What do we do in the face of this knowledge? I think we are meant to follow Amichai’s advice, to remember that life is lovely, fragile, and fleeting, filled with longing and gratitude and a kind of anticipatory grief that comes from knowing that everything and everyone we love, all this beauty will fade into the earth. This is what it is to be human.

In the end we are not best served by our grief nor our acquiescence to life’s inevitable losses, but by our attention. Everything will be lost, this perfect moment will fade, because every moment fades, everything fades. But loss is also an ever-present goad, reminding us to notice, to make the most of this moment before it is gone. Schulz writes, “Our crossing is a brief one, best spent bearing witness to all that we see: honoring what we find noble, tending what we know needs our care, recognizing that we are inseparably connected to all of it, including what is not yet upon us, including what is already gone. We are here to keep watch, not to keep.”
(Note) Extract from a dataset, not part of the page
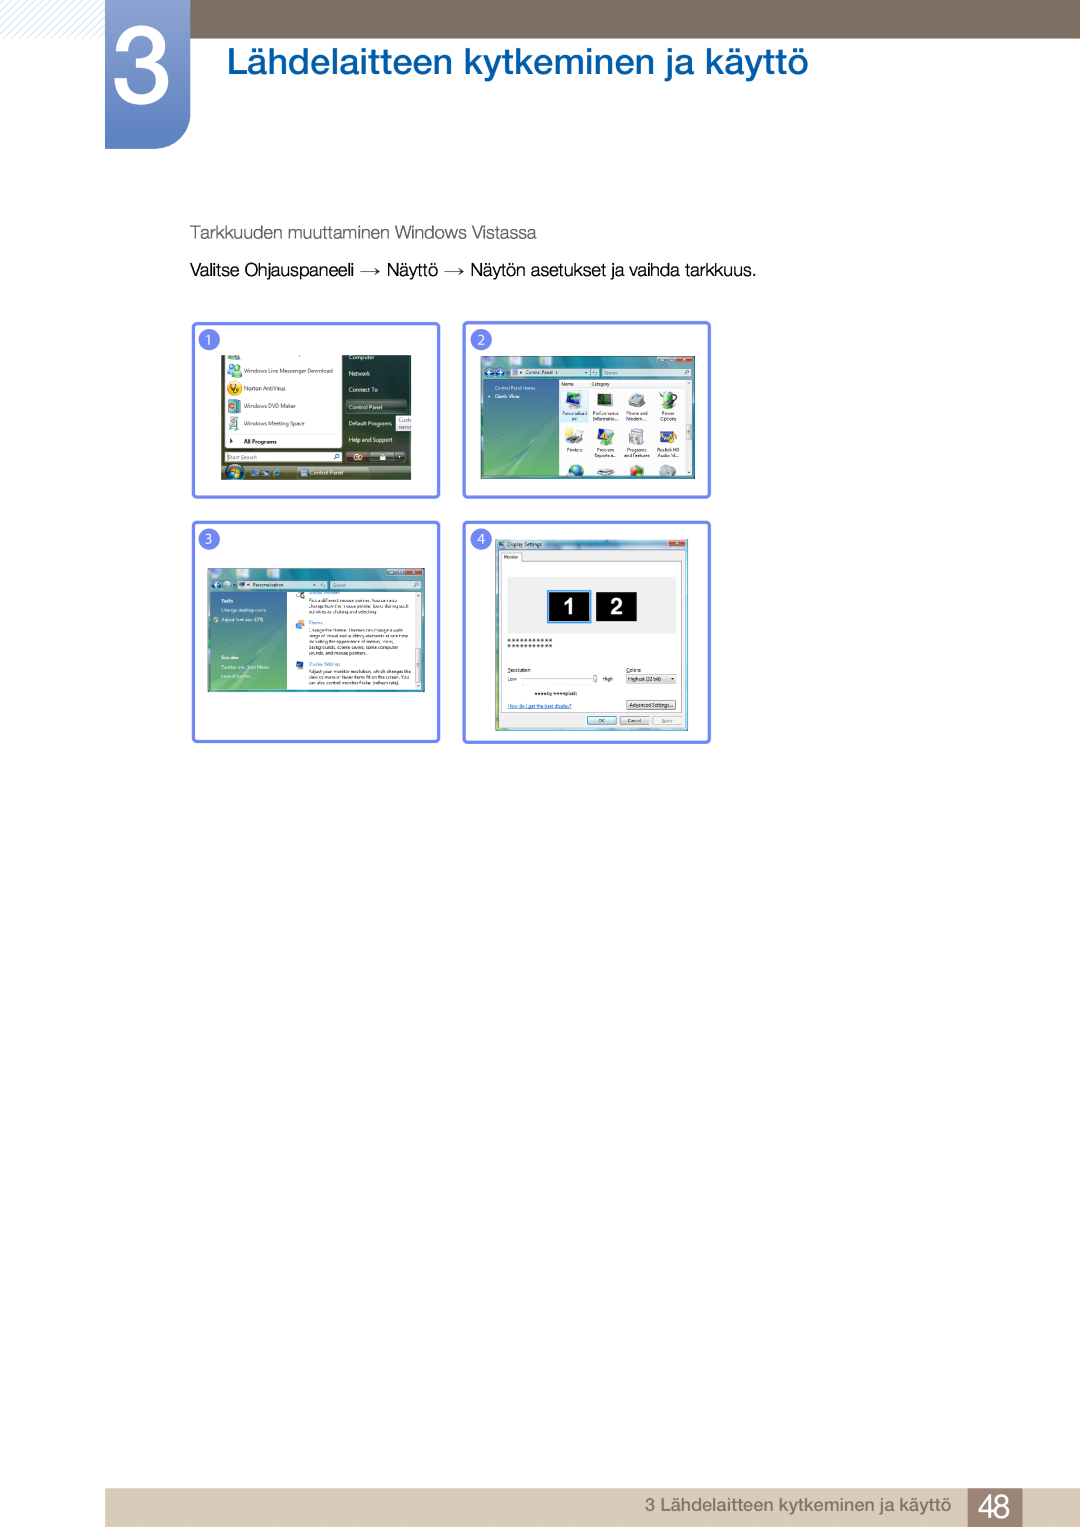 Samsung LC23A750XS/EN, LC27A750XS/EN manual 3 Lähdelaitteen kytkeminen ja käyttö, Tarkkuuden muuttaminen Windows Vistassa 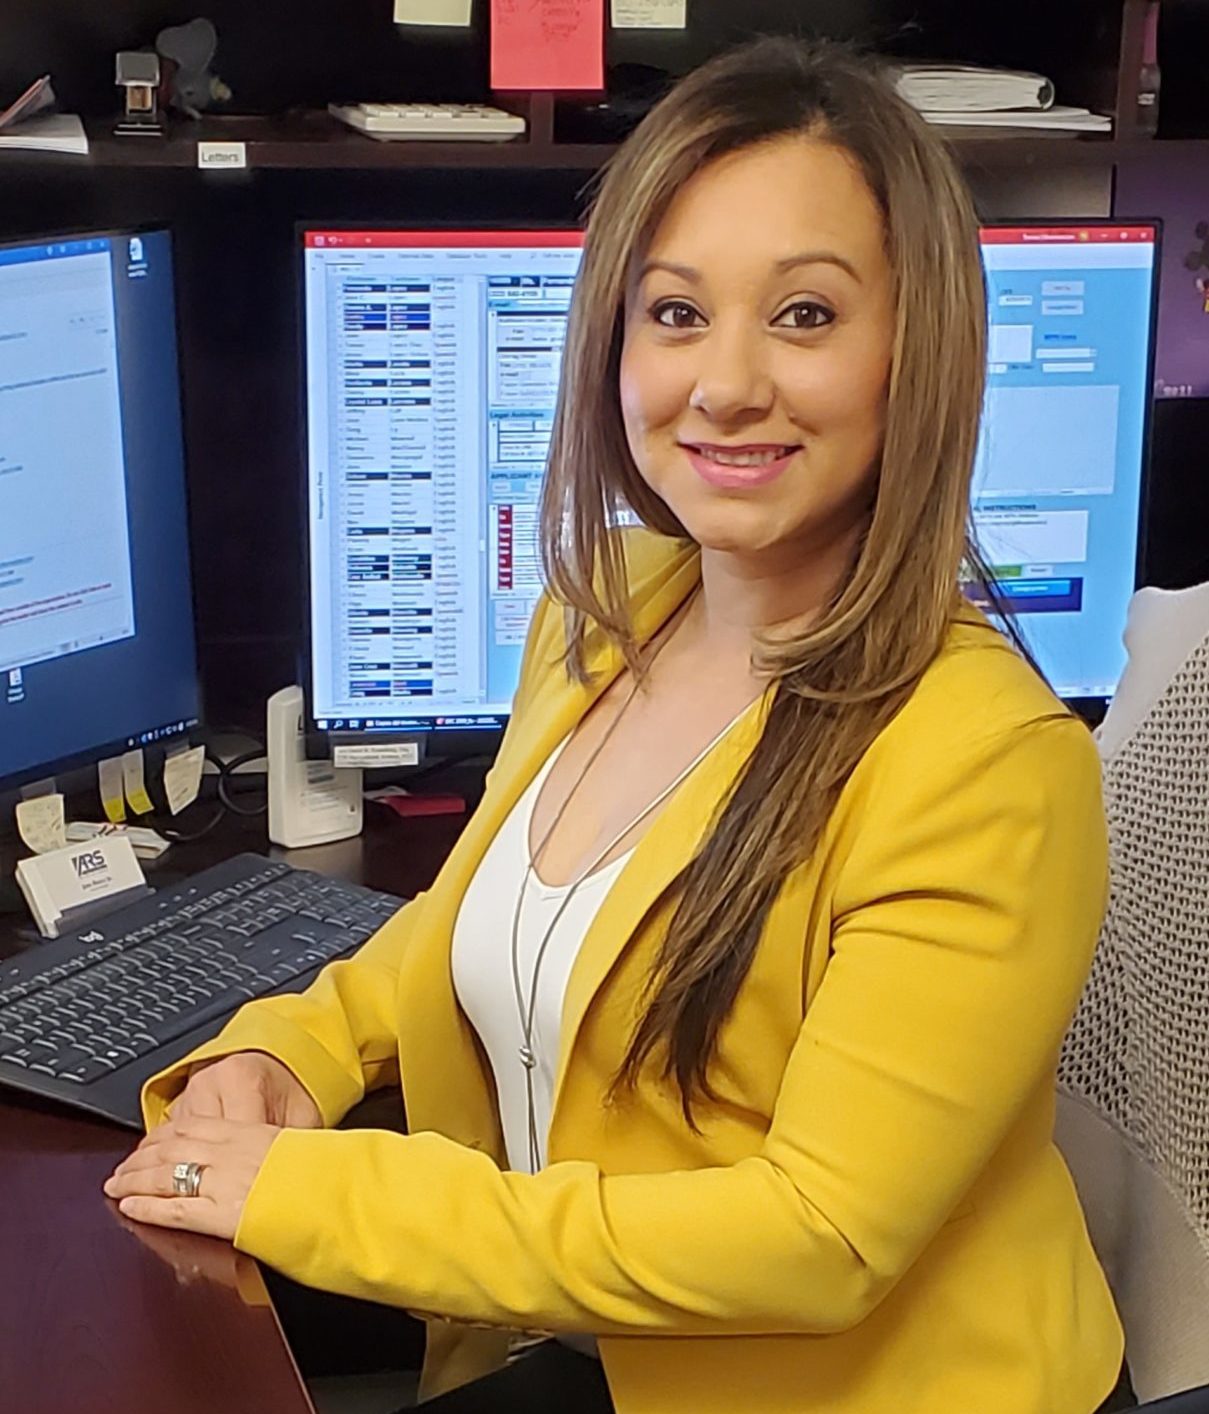 Assistant Leticia Villarreal at desk

When my children were small, I remember thinking with some regularity — remember, remember, remember. Hold on to the feel of a tiny hand in yours. Remember their high-pitched voices, their sweaty pajama-clad bodies climbing into bed with you, reading bedtime stories while they wound my hair around their tiny fingers. Truth is, I have mostly forgotten. I remember those things happening, but I can’t quite conjure up the tactile feeling. Of course I have also blessedly forgotten the feeling of exhaustion, the endless meals, the fighting, the laundry. It is all kind of a blur now and even though I know it was far from perfect and often difficult, the abiding memory is just love, all love. The moments are in fact gone even as I did my best as often as I could to be present to them. But the scent of the memory lingers with me, and I hope with them.

The poet Mary Oliver writes:

*When it's over, I want to say: all my life
I was a bride married to amazement.
I was the bridegroom, taking the world into my arms.

When it's over, I don't want to wonder
if I have made of my life something particular, and real.
I don't want to find myself sighing and frightened,
or full of argument.

I don't want to end up simply having visited this world.*

In the end, there isn’t time for everything. In the end, we hold life and death, joy and sorrow, and everything in between in our hands. In the end our hearts break at the enormity of our collective losses and we still have to pay the bills, comfort the crying child, water the flowers, make soup for a sick friend, and protest the injustices of the world. In the end, we are held by one another in this container of Yom Kippur, a ritual bequeathed to us by our ancestors, a moment in which we grasp life and death at both ends, a moment when we ask God for just one more year, knowing, acknowledging, that we too will return to the earth from which we came, from which new life will be born. We too, each of us, a wave, a particle in this great ocean of pain and love.